■ Task to carry out: The copy should hold exactly the lines below from the one that contains "Kinder moulage - Ingredienti - fr" through the one that contains "Edward J. Wormley" and nothing else, so no pictures.

■ Listed records:
-- Opening Marker --
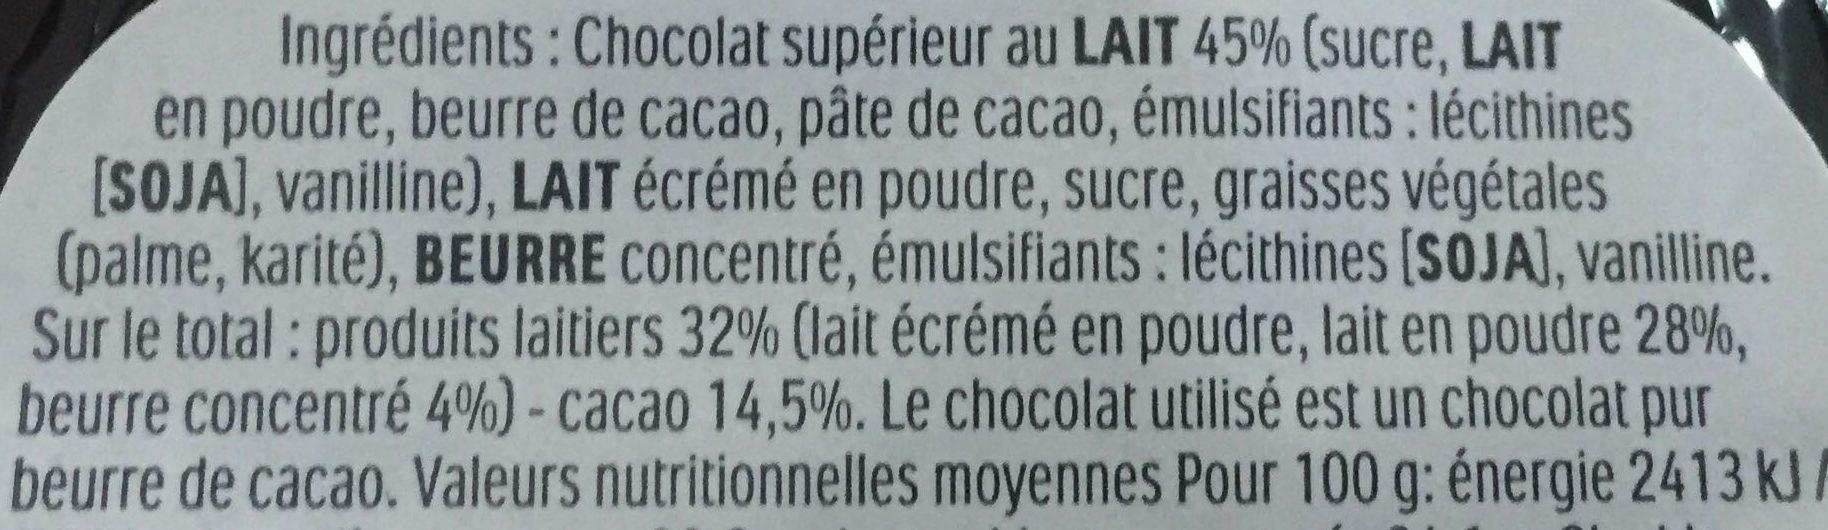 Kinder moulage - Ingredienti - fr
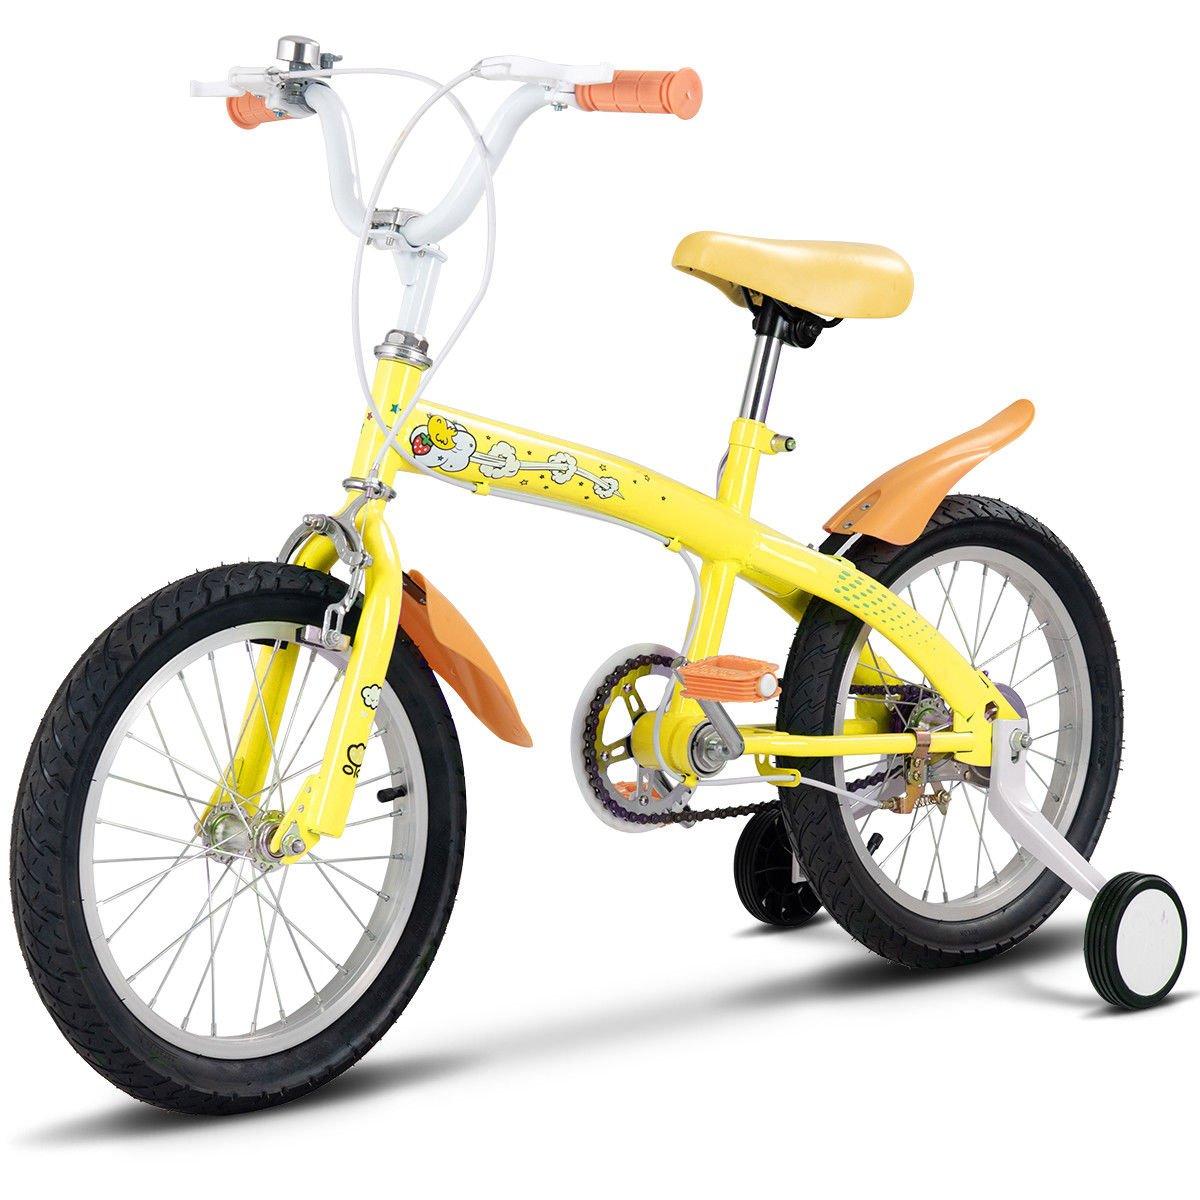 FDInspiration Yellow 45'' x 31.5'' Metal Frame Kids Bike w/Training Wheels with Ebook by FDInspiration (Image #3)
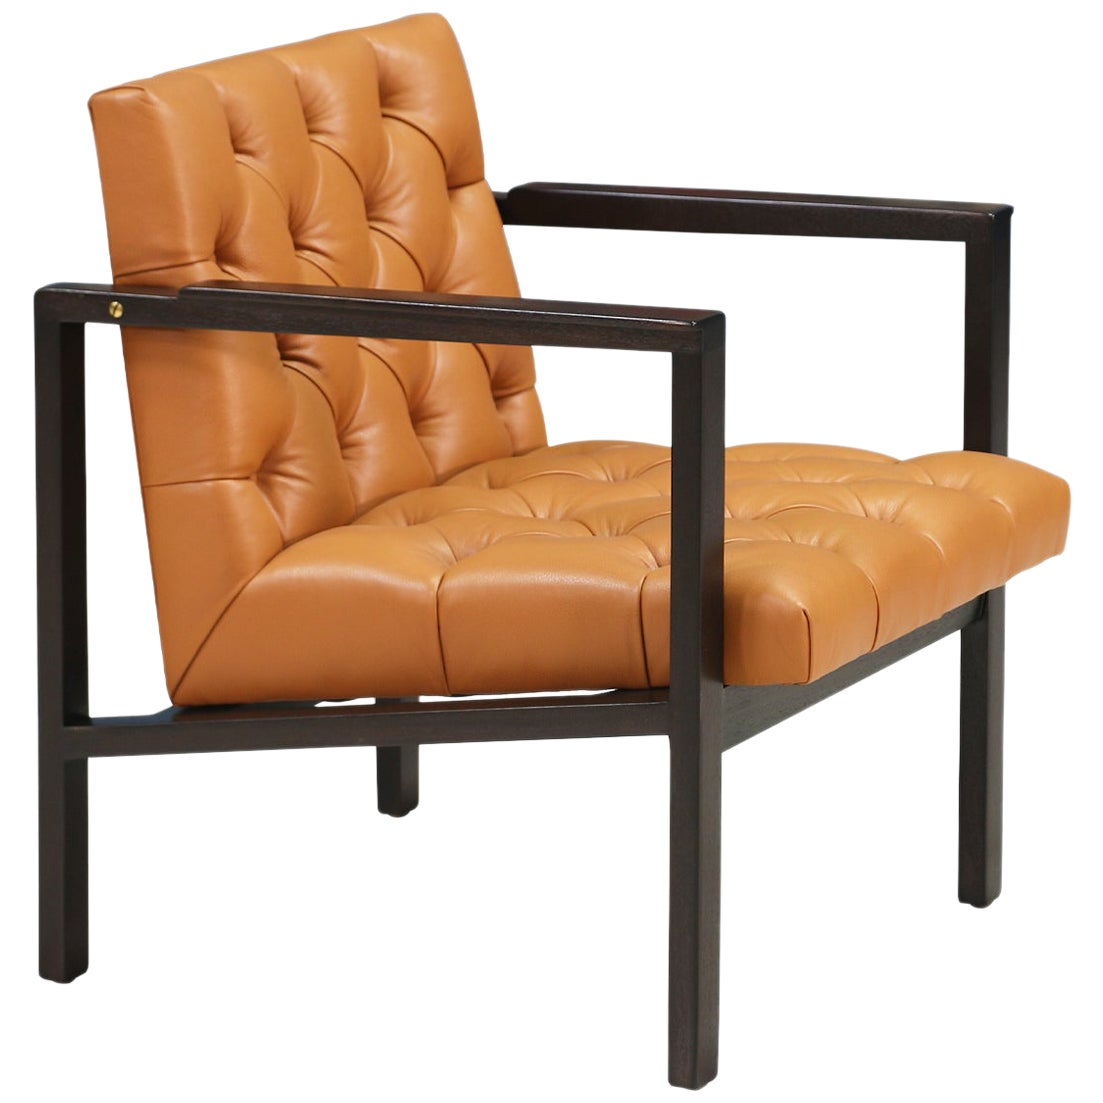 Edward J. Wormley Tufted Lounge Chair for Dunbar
-- Closing Marker --
-- Opening Marker --
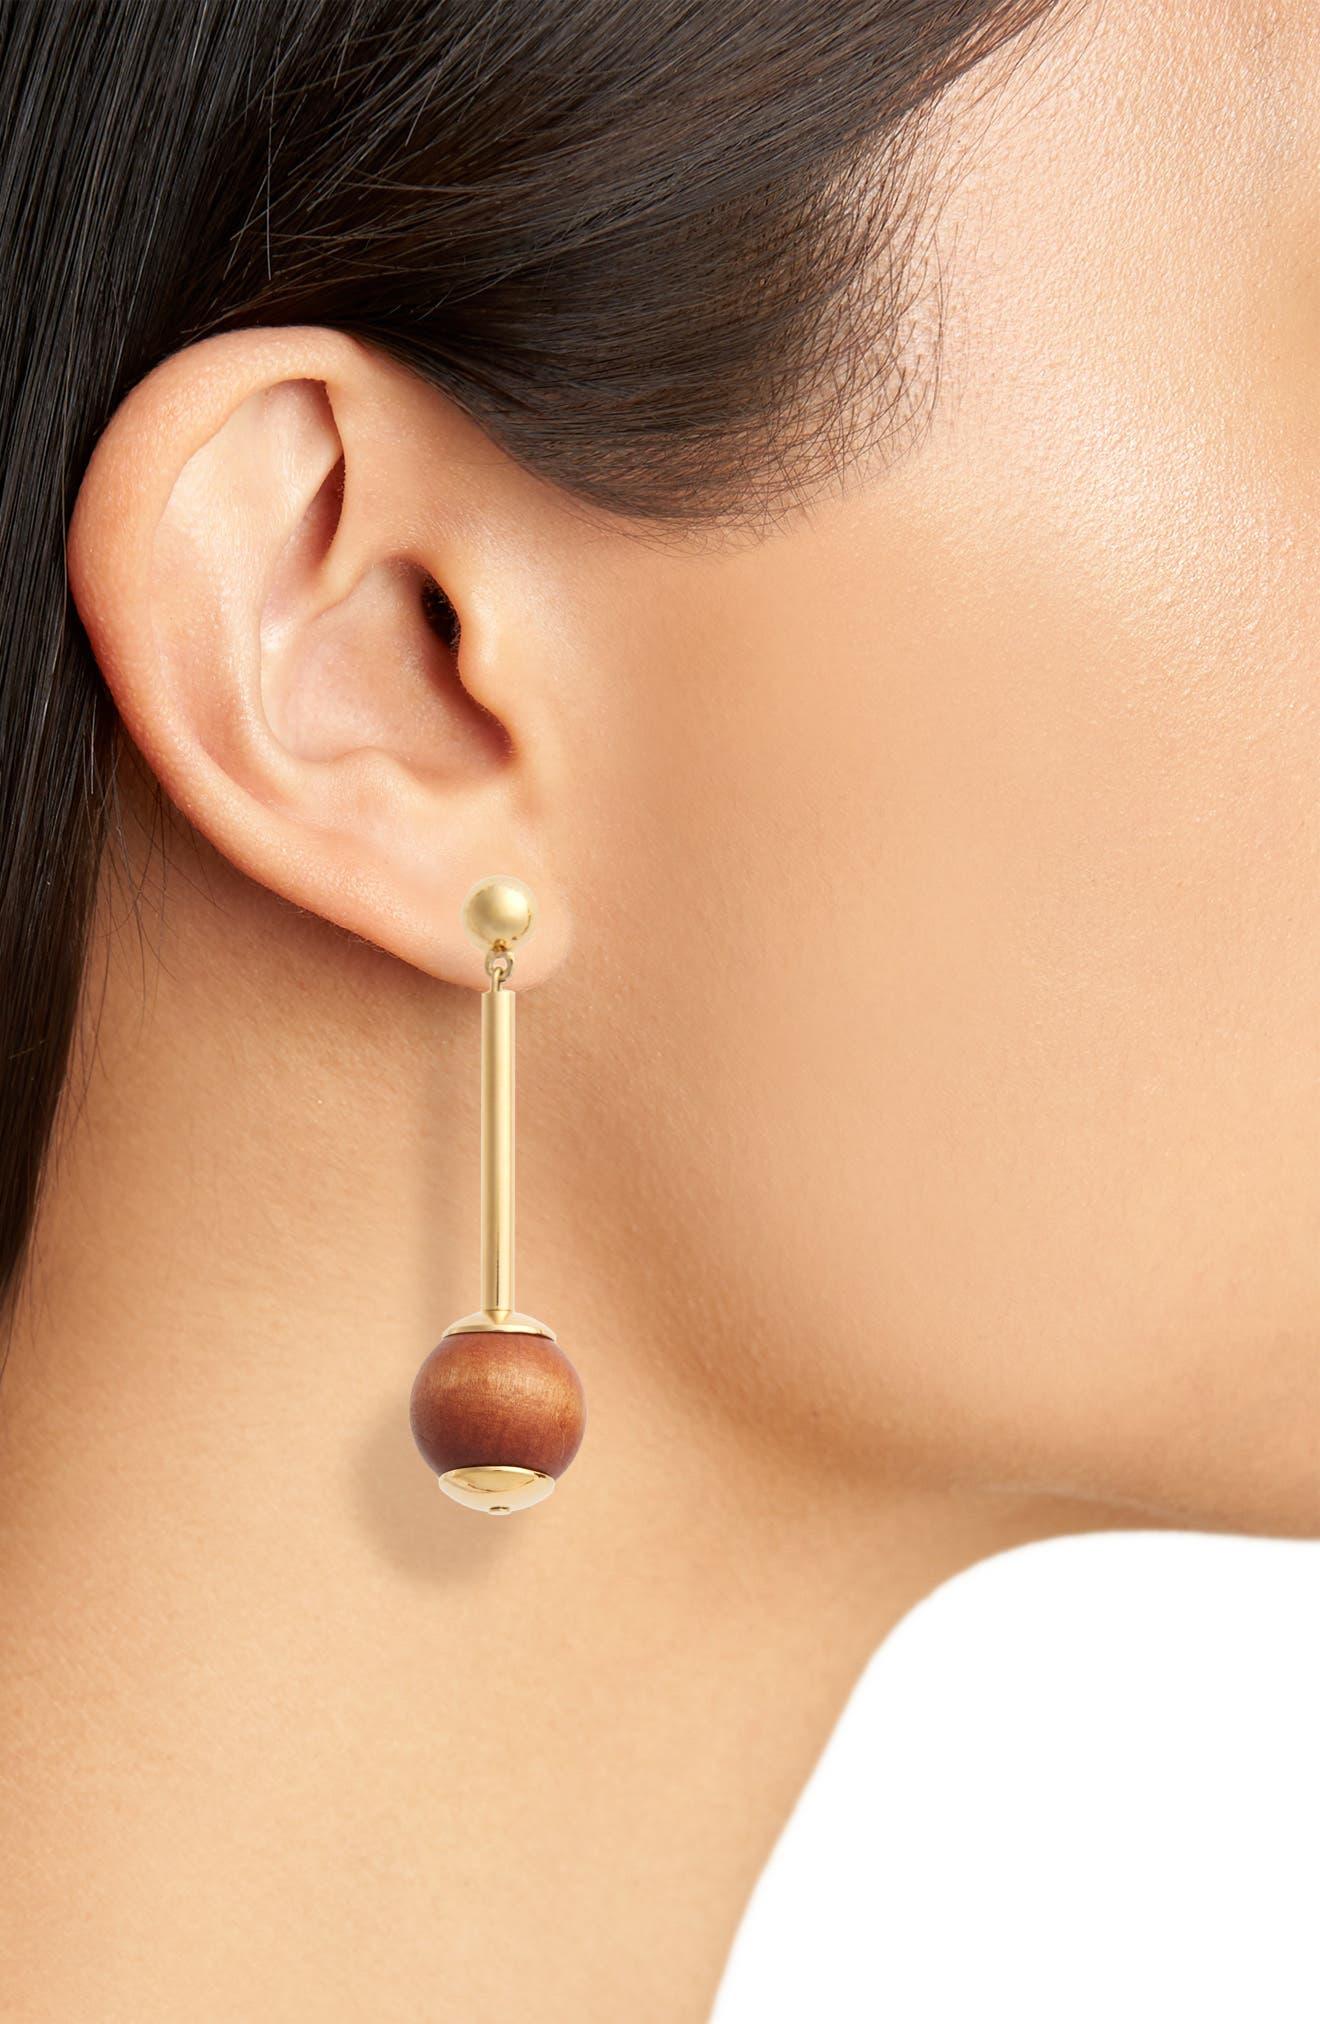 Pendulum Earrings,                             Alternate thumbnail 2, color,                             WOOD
-- Closing Marker --
■ Solution to this exercise:
 Kinder moulage - Ingredienti - fr
 FDInspiration Yellow 45'' x 31.5'' Metal Frame Kids Bike w/Training Wheels with Ebook by FDInspiration (Image #3)
 Edward J. Wormley Tufted Lounge Chair for Dunbar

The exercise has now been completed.